-- The data follows --
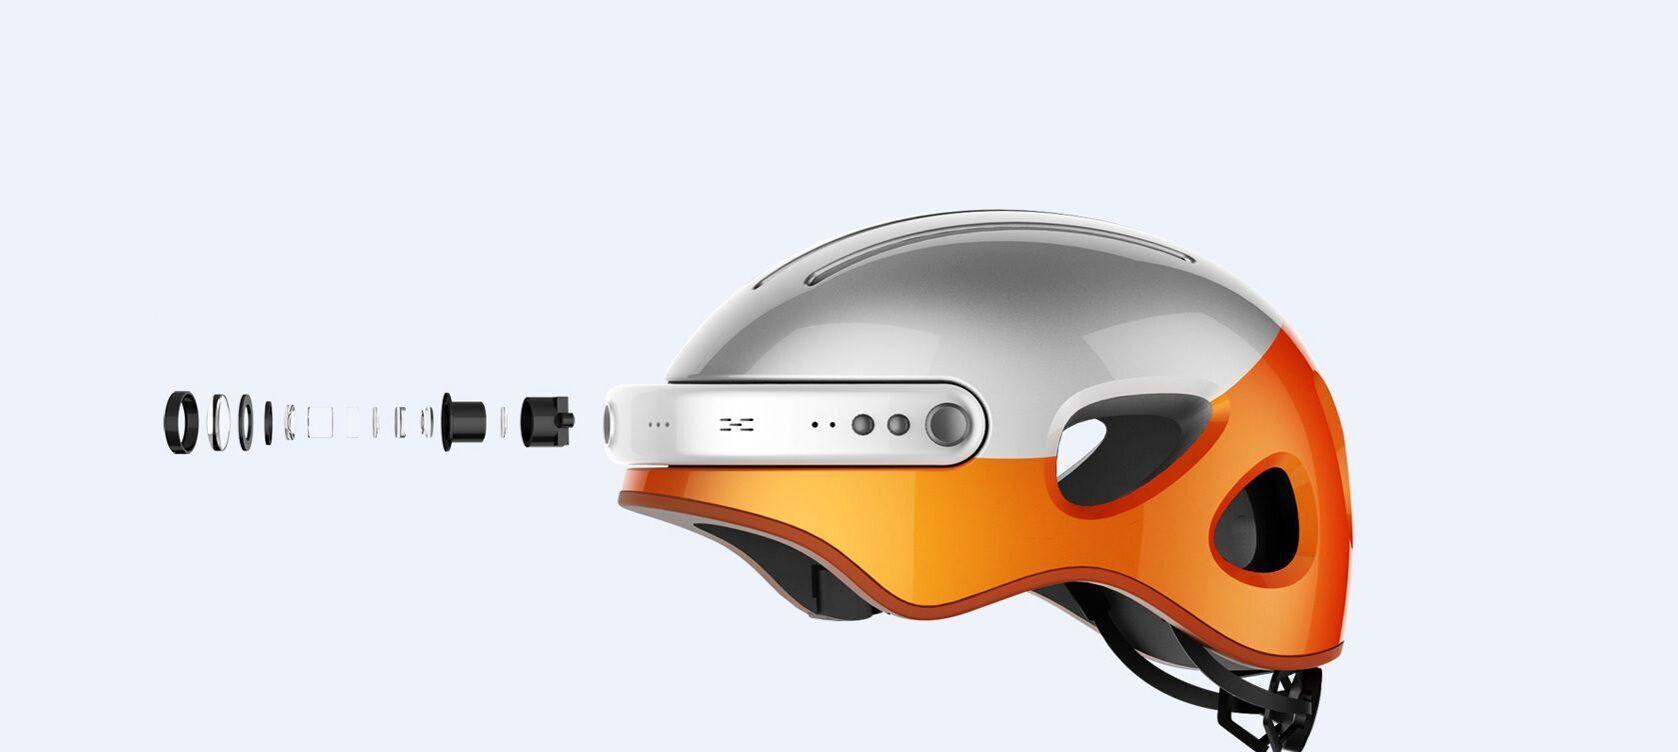 шлем с камерой airwheel
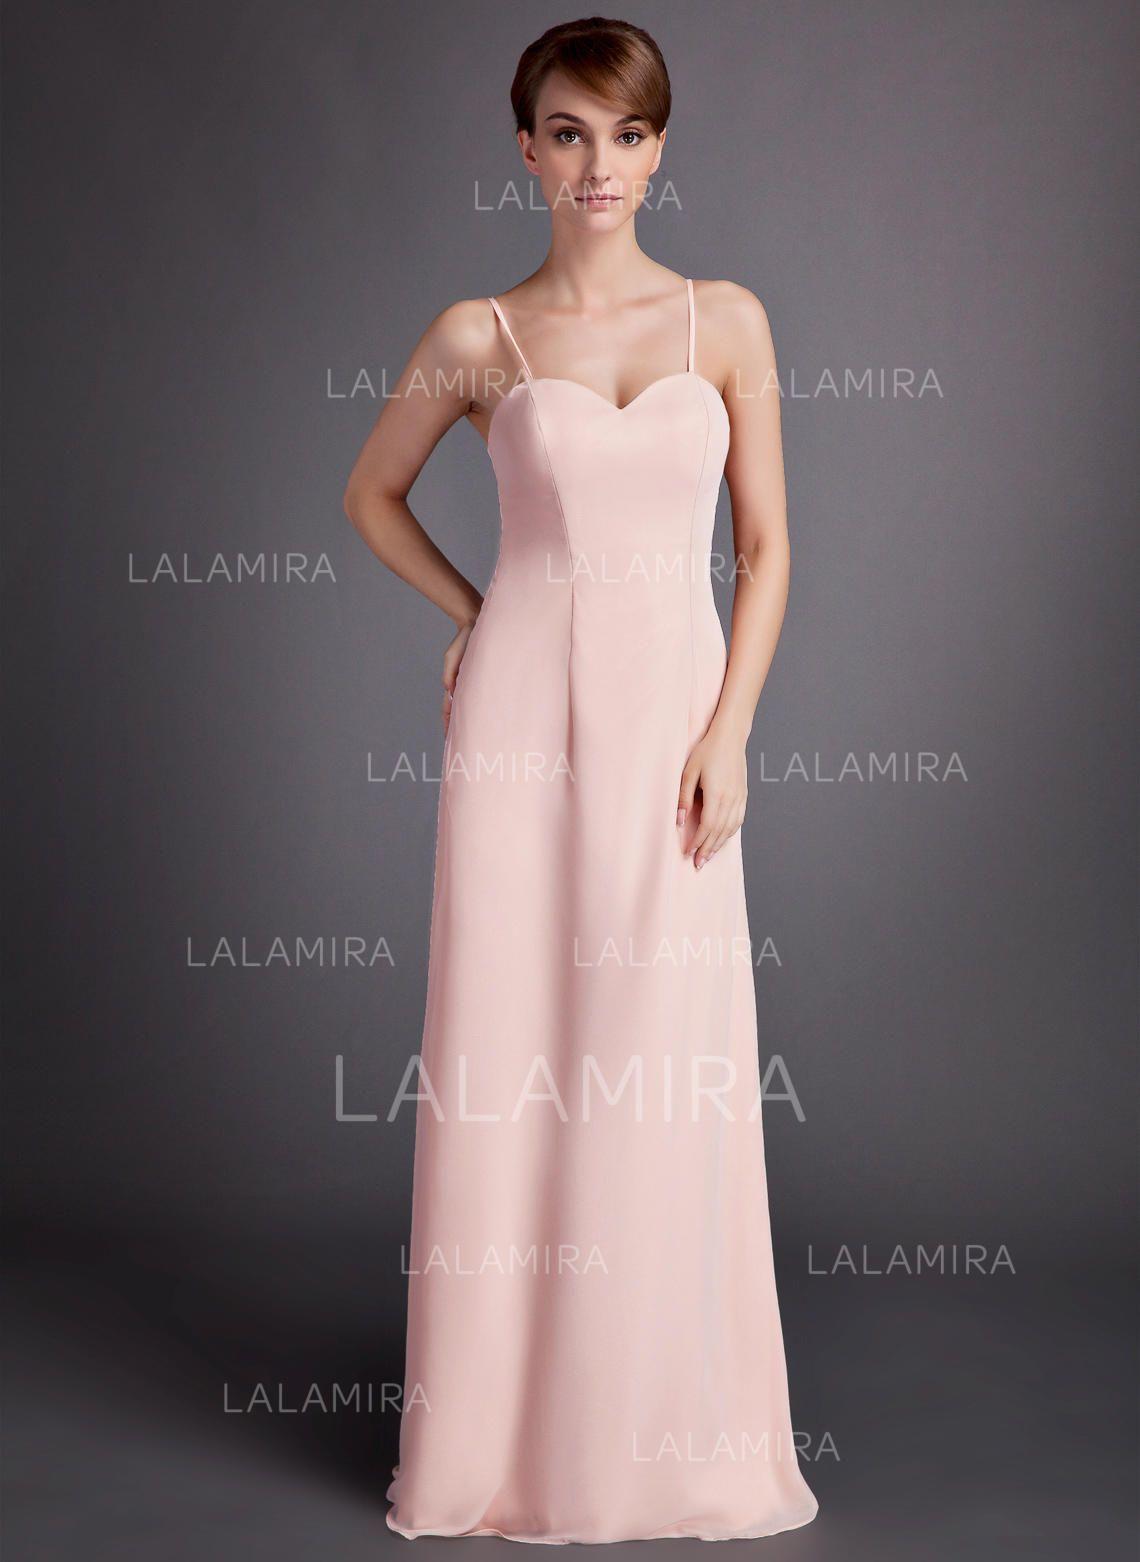 2be6c4e567 A-Line Princess Chiffon Sleeveless Sweetheart Floor-Length Zipper Up Mother  of the Bride Dresses  211191 - lalamira
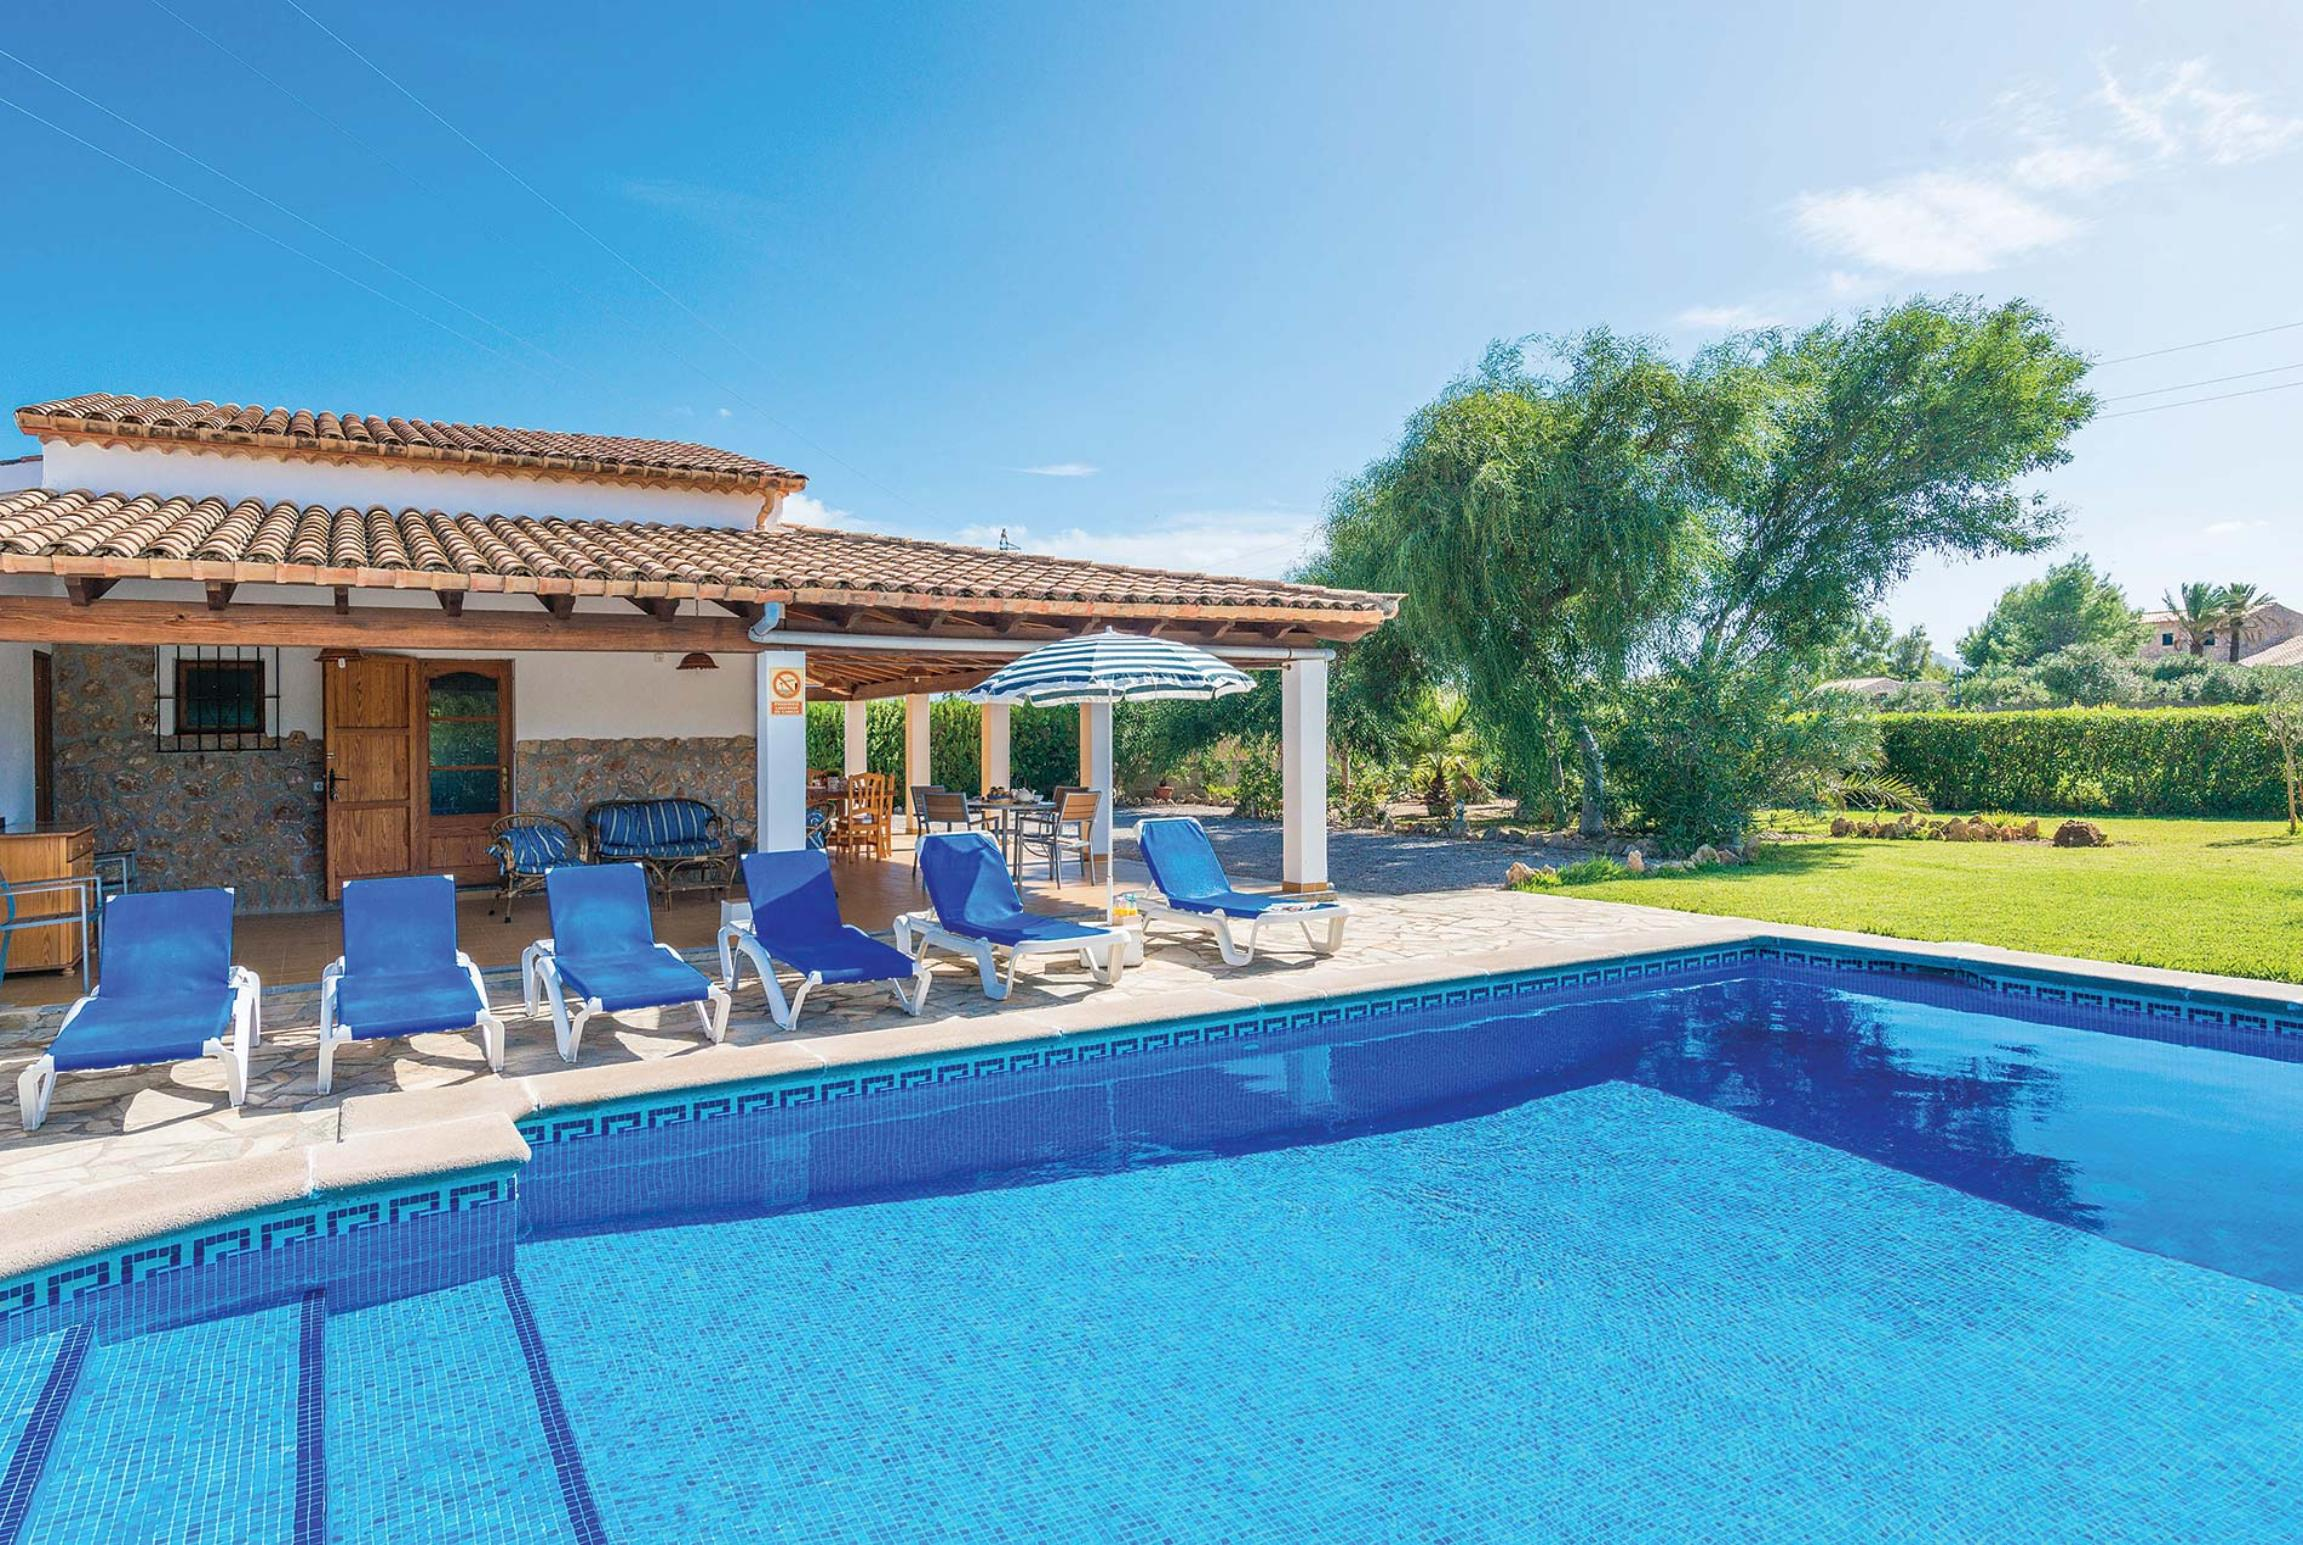 Ferienhaus Rasca (2654350), Formentor, Mallorca, Balearische Inseln, Spanien, Bild 14
-- The data concluded --
Problem:
Reproduce the listing in full and exactly, excluding any pictures it holds.

Answer area:
 шлем с камерой airwheel
 2be6c4e567 A-Line Princess Chiffon Sleeveless Sweetheart Floor-Length Zipper Up Mother  of the Bride Dresses  211191 - lalamira
 Ferienhaus Rasca (2654350), Formentor, Mallorca, Balearische Inseln, Spanien, Bild 14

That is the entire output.